Brown: New Deal will be expanded

Creating jobs and working towards full employment is central to Labour economic policy, Chancellor Gordon Brown said today.

In a key speech on the New Deal, Mr Brown said it would be extended in a third term of office to become the “New Deal for jobs and skills.”

This he said would help lone parents into jobs, and to get teenagers not already in education into training and employment.

Mr Brown promised that any money saved by getting people off benefits would be channelled into education.

Though Mr Brown was determined to focus on the New Deal, he was dogged by questions on his taxation plans. In an early interview on GMTV Mr Brown again refused to comment on whether Labour would promise not to raise taxes, saying the media should wait for the manifesto.

The Independent and the Daily Telegraph have claimed that Labour will pledge not to raise the basic or top rate of income tax, but will not make any promises on National Insurance – which they raised into 2002 to gain money for the NHS.
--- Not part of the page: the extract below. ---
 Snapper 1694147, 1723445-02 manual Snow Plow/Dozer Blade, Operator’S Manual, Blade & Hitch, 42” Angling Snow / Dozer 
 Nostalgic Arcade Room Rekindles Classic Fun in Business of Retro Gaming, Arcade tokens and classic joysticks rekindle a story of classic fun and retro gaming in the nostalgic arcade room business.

Mr Brown though was determined to focus on employment, telling his audience that the Conservatives’ plan to scrap the New Deal risked undermining the current levels of high employment.

While the UK now has half the unemployment rate of France and Germany, and lower unemployment than the USA, Mr Brown said that “falling unemployment didn’t happen by chance”, claiming that the New Deal had been vital.
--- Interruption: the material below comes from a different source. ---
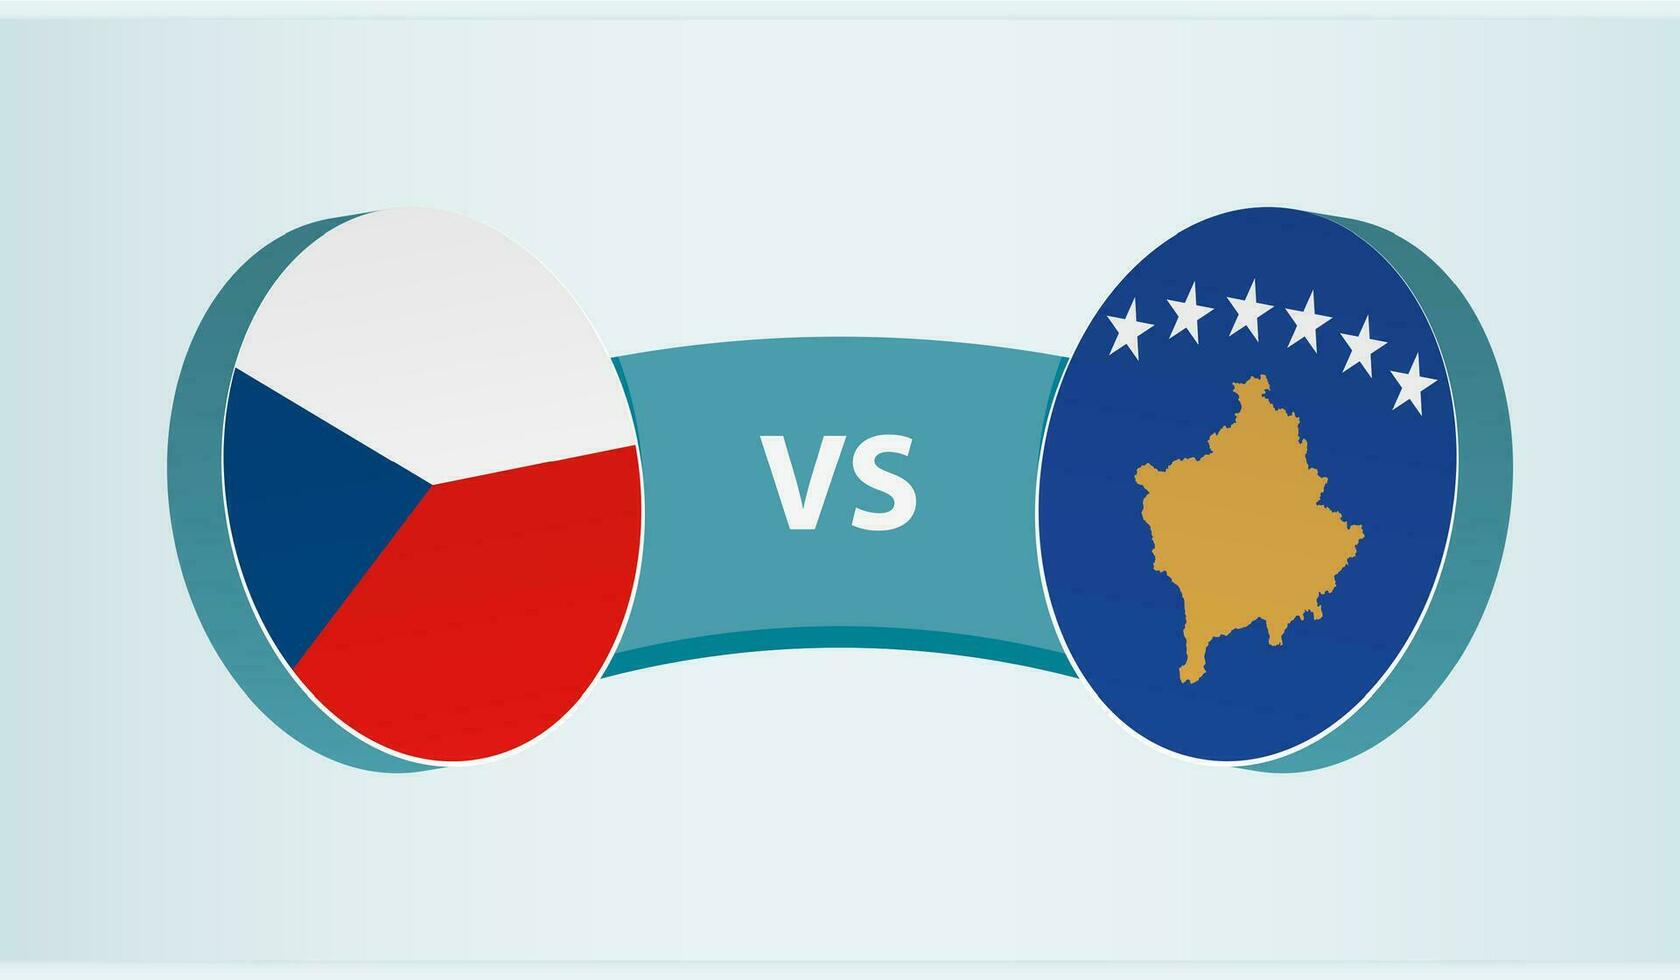 tcheco república versus Kosovo, equipe Esportes concorrência conceito. vetor

The Chancellor said it was “ludicrous” for the Conservatives to claim the New Deal was not working when there was the lowest unemployment in 30 years with half the claimant count of 1997.
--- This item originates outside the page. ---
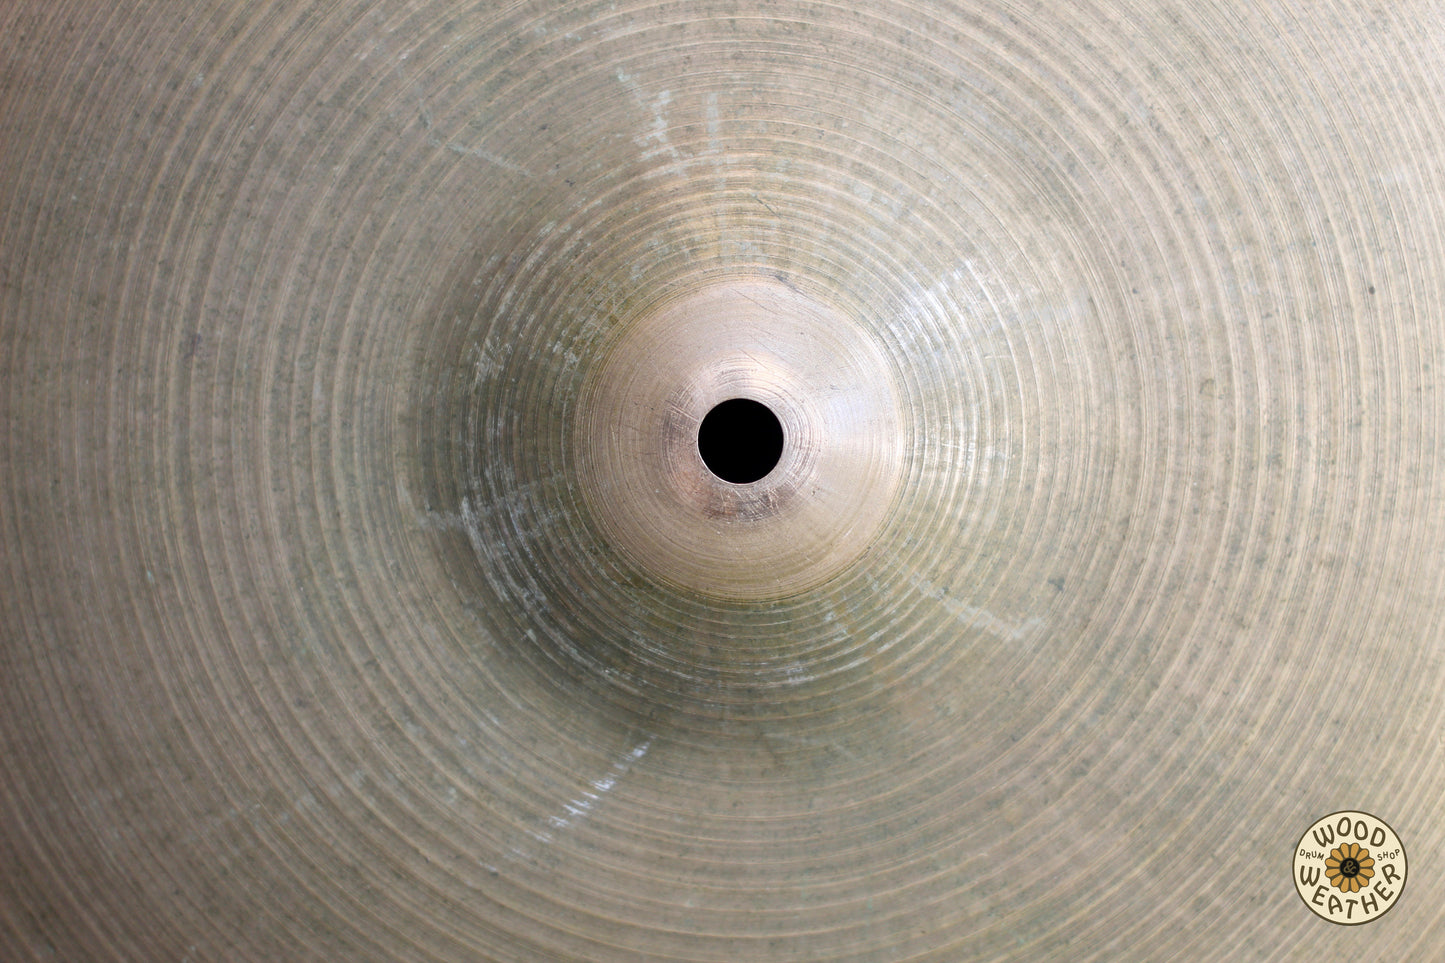 1950s A. Zildjian 14" Hi-Hat Cymbals 860/1135g
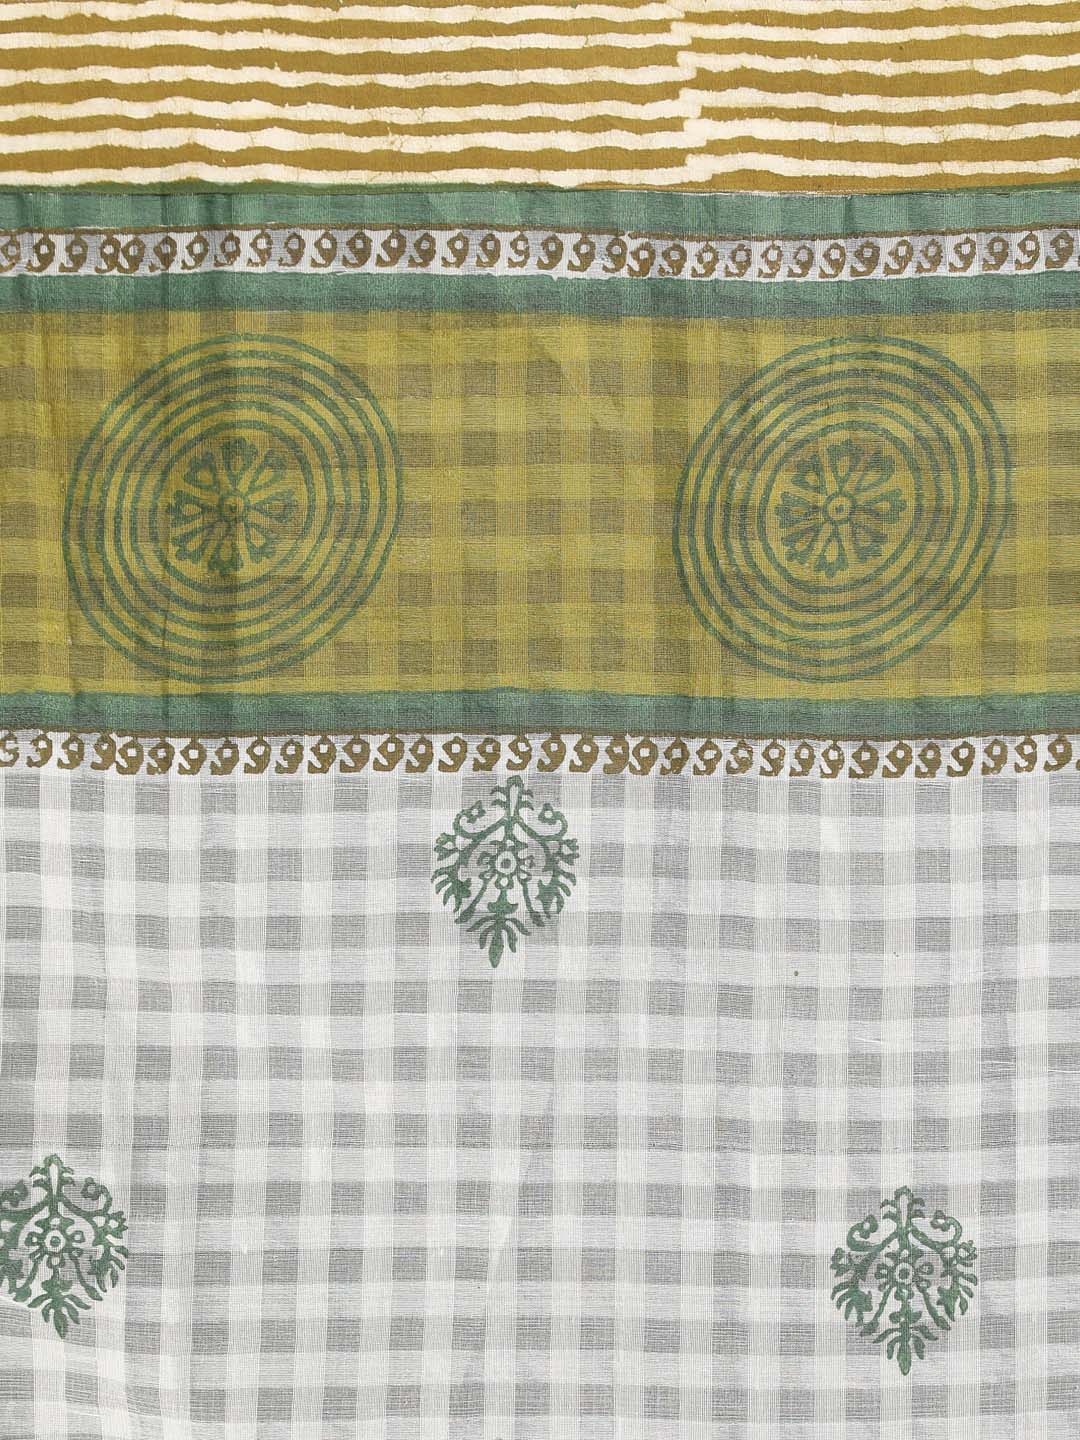 Indethnic Printed Cotton Blend Saree in green - Saree Detail View

But the Conservatives said the New Deal was a revolving door back into welfare, claiming that less than one in five people in the programme were staying off benefits for more than a year.

Shadow Pensions Secretary David Willetts, said: “The New Deal is not a route off welfare, it is a revolving door back onto it. There are more young people neither working nor studying nor training than when Labour came to office in 1997. Even the Government admits that barely a third of the people going through it find jobs that last just three months.

“Our new analysis shows less than one in five people leaving the New Deal stay off benefits for a year. We will replace New Deal with schemes run by commercial and not-for-profit sector specialists with a strong incentive to help people into real jobs that last.”

And Liberal Democrat Treasury spokesman Dr Vince Cable said the New Deal left too many people without ‘real’ jobs.

Dr Cable said: “The New Deal leaves too many people on unnecessary or ineffective schemes rather than getting them into real jobs.

“You can’t push individuals through a one-size-fits-all programme.

“Liberal Democrats will tailor assistance so that jobseekers receive the package of support they need to get proper, permanent work.”